Petitioner's motion to supplement his motion for a certificate of appealability, which raises these same arguments, likewise raises no grounds upon which this Court would be inclined to reconsider the denial of Petitioner's request for a certificate of appealability.
As to Petitioner's request to proceed in forma pauperis on appeal and to submit his affidavit of indigency at a later time, these motions likewise are denied. Pursuant to 28 U.S.C. § 1915(a)(3), an appeal may not be taken in forma pauperis if the appeal is not taken in good faith. Federal Rule of Appellate Procedure 24(a)(3)(A) also provides:
A party who was permitted to proceed in forma pauperis in the district-court action, or who was determined to be financially unable to obtain an adequate defense in a criminal case, may proceed on appeal in forma pauperis without further authorization, unless:
(A) the district court-before or after the notice of appeal is filedcertifies that the appeal is not taken in good faith[.]Id. In addressing this standard, another court has explained:
The good faith standard is an objective one.
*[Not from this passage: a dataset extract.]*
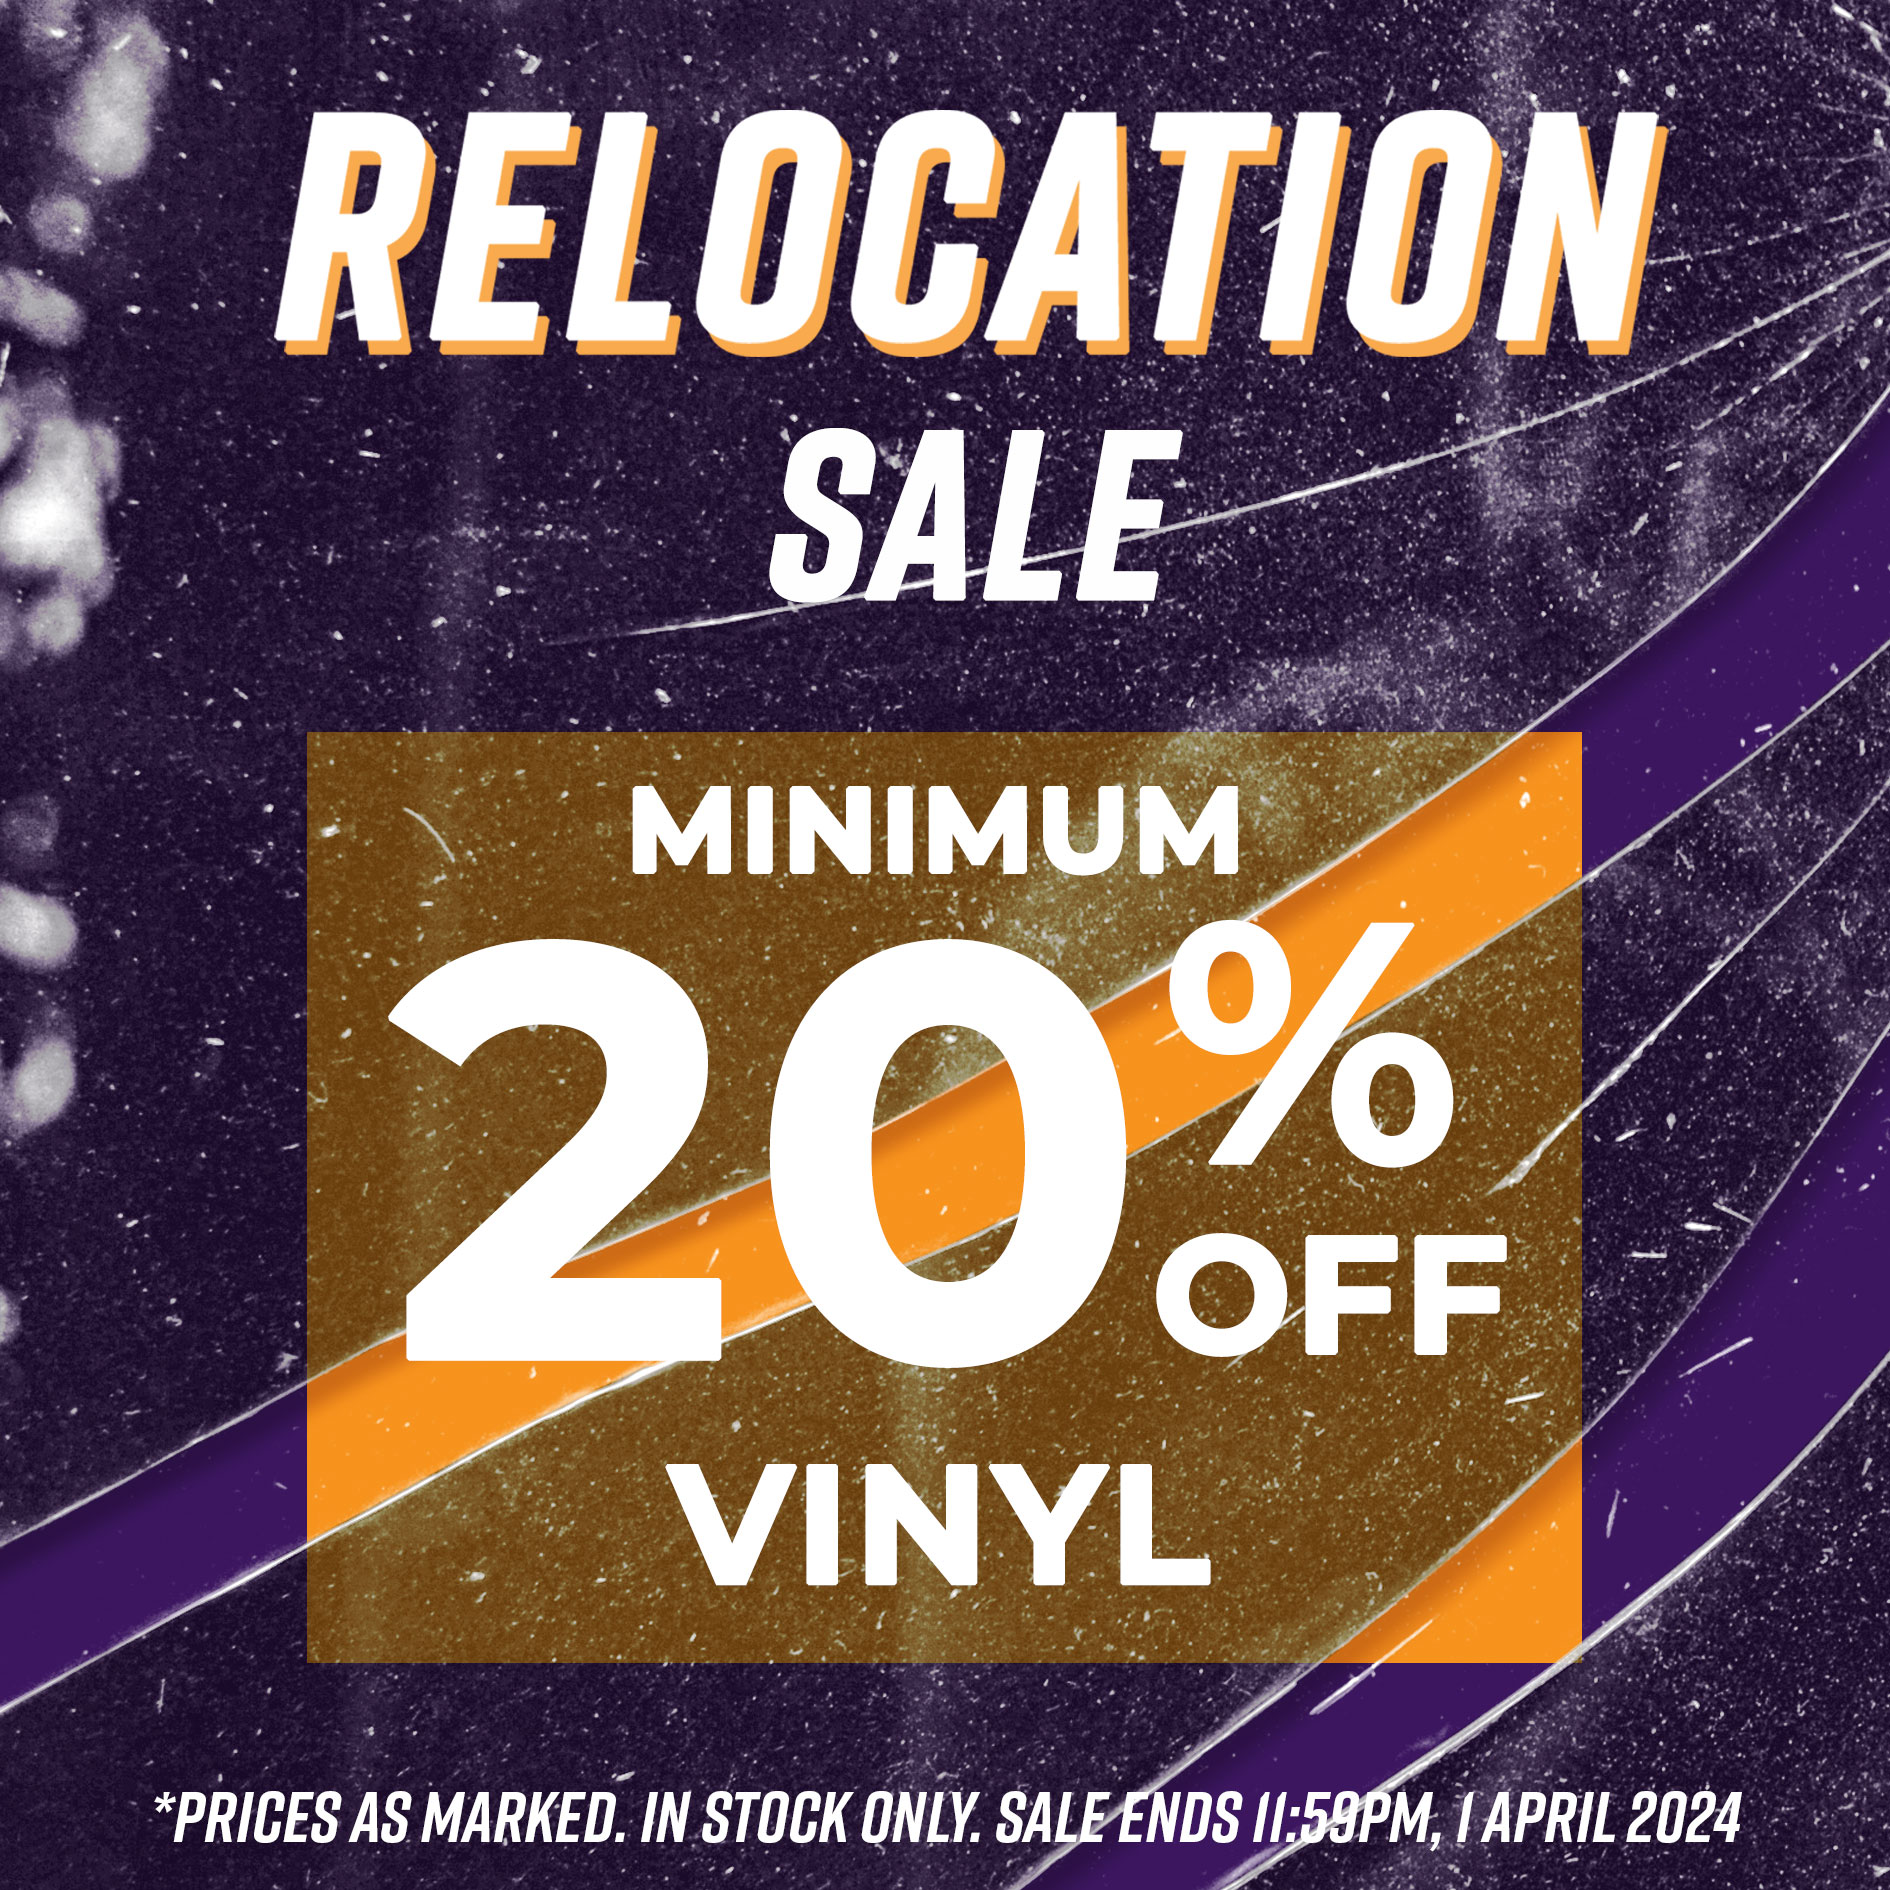 Buy Vinyl Now - Minimum 20% Off

Coppedge v. United States, 369 U.S. 438, 445, 82 S.Ct. 917, 8 L.Ed.2d 21 (1962). An appeal is not taken in good faith if the issue presented is frivolous. Id. Accordingly, it would be inconsistent for a district court to determine that a complaint is too frivolous to be served, yet has sufficient merit to support an appeal in forma pauperis. See Williams v. Kullman, 722 F.2d 1048, 1050 n. 1 (2d Cir. 1983).Frazier v. Hesson, 40 F.Supp.2d 957, 967 (W.D.Tenn. 1999). However,
"the standard governing the issuance of a certificate of appealability is more demanding than the standard for determining whether an appeal is in good faith." U.S. v. Cahill-Masching, 2002 WL 15701, * 3 (N.D.Ill. Jan. 4, 2002). "[T]o determine that an appeal is in good faith, a court need only find that a reasonable person could suppose that the appeal has some merit." Walker v. O'Brien, 216 F.3d 626, 631 (7th Cir. 2000).Penny v. Booker, No. 05-70147, 2006 WL 2008523, at *1 (E.D.Michigan, July 17, 2006).
The Court certifies pursuant to 28 U.S.C. § 1915(a)(3) that the appeal is not in good faith. WHEREUPON, the Court DENIES Petitioner's motion to supplement his certificate of appealability, motion for reconsideration under Rule 60(b), request to proceed in forma pauperis on appeal and his request to submit an affidavit of indigency at a later date. Docs. 20-23.